Combined inhibition of necroptosis–FGF2 signaling and VEGF signaling ameliorated pathologic angiogenesis in OIR. (A) Single intravitreal injection of inhibitors for RIP1 or RIP3 (Nec-1 or GSK840, respectively) could suppress the angiogenesis development in OIR. In addition, the OIR retina present little angiogenic tufts after combined treatment of Nec-1 or GSK840 and VEGF Nab. (B) Single intravitreal injection of FGF2 neutralizing antibody (Nab) suppressed the formation of angiogenic tufts in OIR, while the neovascularization area in the VEGF Nab group was also reduced compared with IgG injection. In particular, combination therapy with FGF2 Nab and VEGF Nab presented with the least degree of retinal angiogenesis.

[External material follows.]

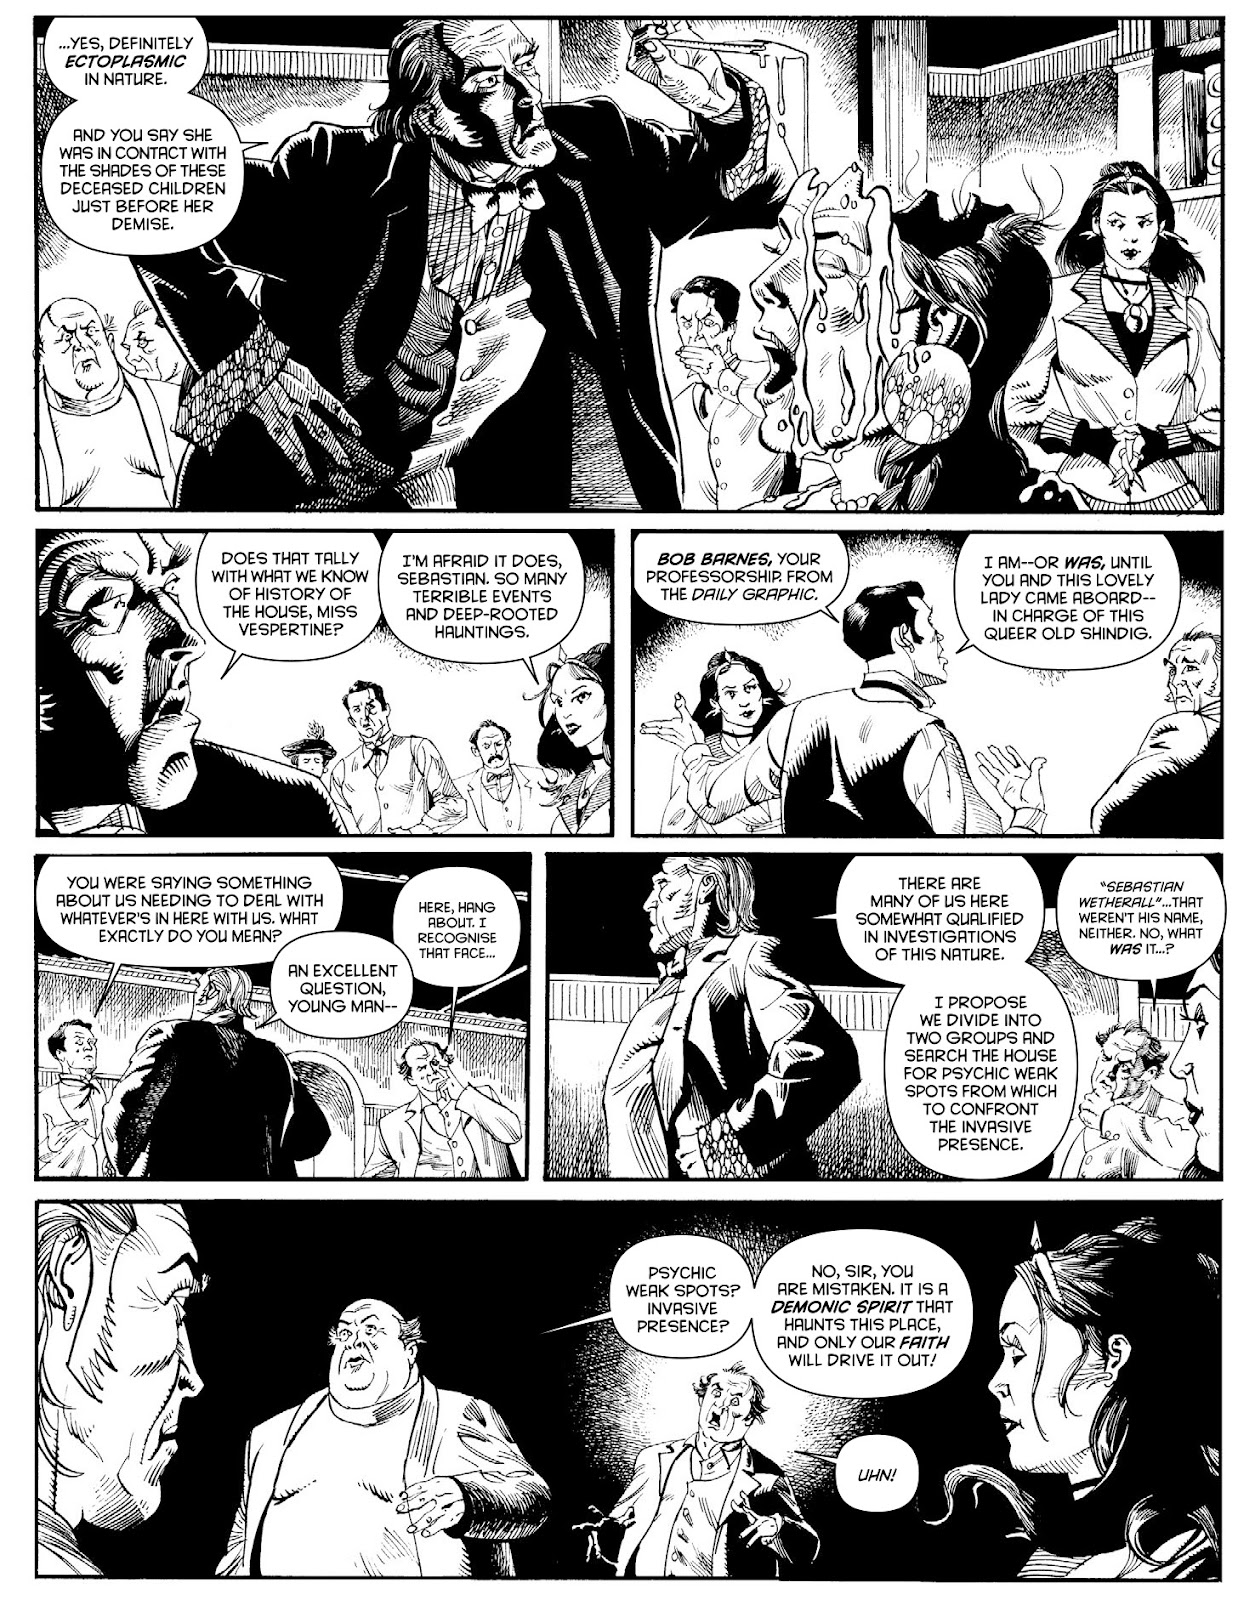 Judge Dredd Megazine (Vol. 5) issue 427 - Page 86

Similarly, blocking FGF2 pathway by AZD4547, a potent inhibitor of FGFRs, ameliorated the pathologic angiogenesis, while E3810, a dual inhibitor of VEGFR and FGFR, exerted the most potent effect of antiangiogenesis. (C) The statistics of neovascularization percentage in A and B. n = 6 retinae. (Scale bars: 1 mm.) *P < 0.05 (green); **P < 0.01 (yellow); ***P < 0.001 (red). (D) Schematic drawing showing microglia necroptosis-mediated angiogenesis in retinal neovascular diseases. Hypoxia in retina activated the resting microglia and induced RIP1/3-mediated necroptosis in activated microglia. The necroptotic microglia could produce and release amounts of FGF2, which synergized with VEGF promoted angiogenesis in the retina, contributing to the development of retinal neovascular diseases. Blockade of RIP1/3-mediated necroptosis and inhibition of FGF2/VEGF pathway could be potential antiangiogenesis therapies for retinal neovascular diseases.